*** Available data Section Begins ***

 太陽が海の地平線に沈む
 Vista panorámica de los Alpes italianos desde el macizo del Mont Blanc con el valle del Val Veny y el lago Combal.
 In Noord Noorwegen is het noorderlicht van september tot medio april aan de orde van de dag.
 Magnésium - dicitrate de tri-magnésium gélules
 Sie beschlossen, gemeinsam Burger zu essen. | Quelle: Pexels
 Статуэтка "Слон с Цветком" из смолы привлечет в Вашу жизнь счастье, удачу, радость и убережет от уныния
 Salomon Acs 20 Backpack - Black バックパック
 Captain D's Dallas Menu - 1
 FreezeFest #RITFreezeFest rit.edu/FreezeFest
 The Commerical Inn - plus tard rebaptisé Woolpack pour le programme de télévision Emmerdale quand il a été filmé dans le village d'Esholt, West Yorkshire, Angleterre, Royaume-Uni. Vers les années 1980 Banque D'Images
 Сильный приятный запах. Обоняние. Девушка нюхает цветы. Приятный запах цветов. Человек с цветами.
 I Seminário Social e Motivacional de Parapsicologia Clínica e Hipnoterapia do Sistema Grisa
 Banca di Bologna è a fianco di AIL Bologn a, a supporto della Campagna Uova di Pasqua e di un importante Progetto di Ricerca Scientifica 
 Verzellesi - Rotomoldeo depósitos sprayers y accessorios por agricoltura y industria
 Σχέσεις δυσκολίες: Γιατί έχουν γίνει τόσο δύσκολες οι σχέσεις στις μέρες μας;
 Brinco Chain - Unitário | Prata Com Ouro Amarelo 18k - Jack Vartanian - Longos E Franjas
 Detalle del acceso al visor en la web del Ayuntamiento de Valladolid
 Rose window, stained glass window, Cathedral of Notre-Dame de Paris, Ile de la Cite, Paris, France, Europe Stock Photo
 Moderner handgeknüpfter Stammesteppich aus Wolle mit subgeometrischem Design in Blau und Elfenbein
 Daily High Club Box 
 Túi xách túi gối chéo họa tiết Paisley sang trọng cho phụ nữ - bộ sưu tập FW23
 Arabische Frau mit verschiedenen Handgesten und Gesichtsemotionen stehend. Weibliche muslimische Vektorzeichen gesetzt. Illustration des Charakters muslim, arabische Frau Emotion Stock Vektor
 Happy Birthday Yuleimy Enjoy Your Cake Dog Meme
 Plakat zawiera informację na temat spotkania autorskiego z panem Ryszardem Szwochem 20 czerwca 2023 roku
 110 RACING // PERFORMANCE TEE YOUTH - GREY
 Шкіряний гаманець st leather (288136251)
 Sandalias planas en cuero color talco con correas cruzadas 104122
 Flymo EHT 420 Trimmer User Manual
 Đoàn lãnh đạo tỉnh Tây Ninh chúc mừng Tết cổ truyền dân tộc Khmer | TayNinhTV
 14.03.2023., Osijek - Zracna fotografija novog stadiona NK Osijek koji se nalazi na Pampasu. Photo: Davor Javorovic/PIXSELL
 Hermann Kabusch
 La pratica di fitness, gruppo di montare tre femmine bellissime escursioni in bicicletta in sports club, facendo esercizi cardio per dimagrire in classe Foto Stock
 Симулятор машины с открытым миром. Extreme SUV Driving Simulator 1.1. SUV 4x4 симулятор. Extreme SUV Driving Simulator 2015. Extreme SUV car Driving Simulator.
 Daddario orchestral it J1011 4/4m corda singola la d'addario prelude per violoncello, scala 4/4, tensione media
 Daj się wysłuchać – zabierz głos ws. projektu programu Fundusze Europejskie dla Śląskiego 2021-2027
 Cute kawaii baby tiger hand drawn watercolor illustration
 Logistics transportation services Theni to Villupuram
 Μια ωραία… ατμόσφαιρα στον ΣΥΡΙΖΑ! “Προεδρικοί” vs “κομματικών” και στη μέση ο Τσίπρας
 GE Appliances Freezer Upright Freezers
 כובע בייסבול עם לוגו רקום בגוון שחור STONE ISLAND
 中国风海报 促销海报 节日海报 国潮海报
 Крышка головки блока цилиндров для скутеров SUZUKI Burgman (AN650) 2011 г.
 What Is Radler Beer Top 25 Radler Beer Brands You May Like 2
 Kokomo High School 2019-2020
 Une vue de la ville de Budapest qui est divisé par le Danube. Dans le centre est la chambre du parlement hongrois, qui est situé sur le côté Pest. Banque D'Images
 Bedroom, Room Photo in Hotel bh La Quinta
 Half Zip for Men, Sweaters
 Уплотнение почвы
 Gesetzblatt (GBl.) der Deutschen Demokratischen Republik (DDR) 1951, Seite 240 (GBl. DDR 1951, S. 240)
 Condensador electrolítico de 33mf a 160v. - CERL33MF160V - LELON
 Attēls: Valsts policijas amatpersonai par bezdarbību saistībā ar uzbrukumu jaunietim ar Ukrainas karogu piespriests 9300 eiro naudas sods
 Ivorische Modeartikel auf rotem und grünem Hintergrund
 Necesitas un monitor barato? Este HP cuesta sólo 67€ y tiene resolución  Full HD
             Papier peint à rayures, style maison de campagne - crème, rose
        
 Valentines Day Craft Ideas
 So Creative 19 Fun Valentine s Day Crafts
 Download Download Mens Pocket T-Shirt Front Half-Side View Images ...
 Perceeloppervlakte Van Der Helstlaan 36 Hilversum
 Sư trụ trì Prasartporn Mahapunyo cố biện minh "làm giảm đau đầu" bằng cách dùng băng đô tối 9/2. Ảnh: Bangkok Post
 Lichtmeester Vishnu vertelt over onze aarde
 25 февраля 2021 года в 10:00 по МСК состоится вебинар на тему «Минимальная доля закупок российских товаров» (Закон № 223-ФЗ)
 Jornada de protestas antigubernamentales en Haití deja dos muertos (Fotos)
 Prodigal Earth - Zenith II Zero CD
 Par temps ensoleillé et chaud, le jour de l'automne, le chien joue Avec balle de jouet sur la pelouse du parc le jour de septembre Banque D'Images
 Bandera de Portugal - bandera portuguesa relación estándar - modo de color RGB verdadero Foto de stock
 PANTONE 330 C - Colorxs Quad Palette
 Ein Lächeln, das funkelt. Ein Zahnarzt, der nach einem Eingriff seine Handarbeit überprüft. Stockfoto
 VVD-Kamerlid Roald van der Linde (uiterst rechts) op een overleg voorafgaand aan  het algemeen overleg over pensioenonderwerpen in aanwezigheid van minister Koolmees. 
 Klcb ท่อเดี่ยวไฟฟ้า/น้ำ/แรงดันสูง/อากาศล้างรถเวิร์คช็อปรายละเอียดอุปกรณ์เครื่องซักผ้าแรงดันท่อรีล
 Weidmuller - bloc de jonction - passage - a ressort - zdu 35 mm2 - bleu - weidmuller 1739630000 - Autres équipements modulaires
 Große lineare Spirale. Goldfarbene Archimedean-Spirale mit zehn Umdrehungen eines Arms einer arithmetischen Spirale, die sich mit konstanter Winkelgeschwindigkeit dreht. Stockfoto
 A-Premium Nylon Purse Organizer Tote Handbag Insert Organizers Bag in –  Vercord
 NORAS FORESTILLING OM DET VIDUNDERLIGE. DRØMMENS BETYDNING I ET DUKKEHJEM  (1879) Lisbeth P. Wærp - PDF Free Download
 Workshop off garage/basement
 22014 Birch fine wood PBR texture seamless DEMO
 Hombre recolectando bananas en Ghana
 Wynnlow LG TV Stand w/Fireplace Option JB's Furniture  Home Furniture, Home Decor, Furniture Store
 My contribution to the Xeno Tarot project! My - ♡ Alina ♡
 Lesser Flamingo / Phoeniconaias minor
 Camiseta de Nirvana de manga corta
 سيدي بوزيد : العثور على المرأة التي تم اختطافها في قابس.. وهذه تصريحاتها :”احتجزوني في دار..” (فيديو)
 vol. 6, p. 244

*** Available data Section Ends ***

* Exercise description *
Collect the lines of the data that carry the word "Half".

* Final answer *
 Half Zip for Men, Sweaters
 Download Download Mens Pocket T-Shirt Front Half-Side View Images ...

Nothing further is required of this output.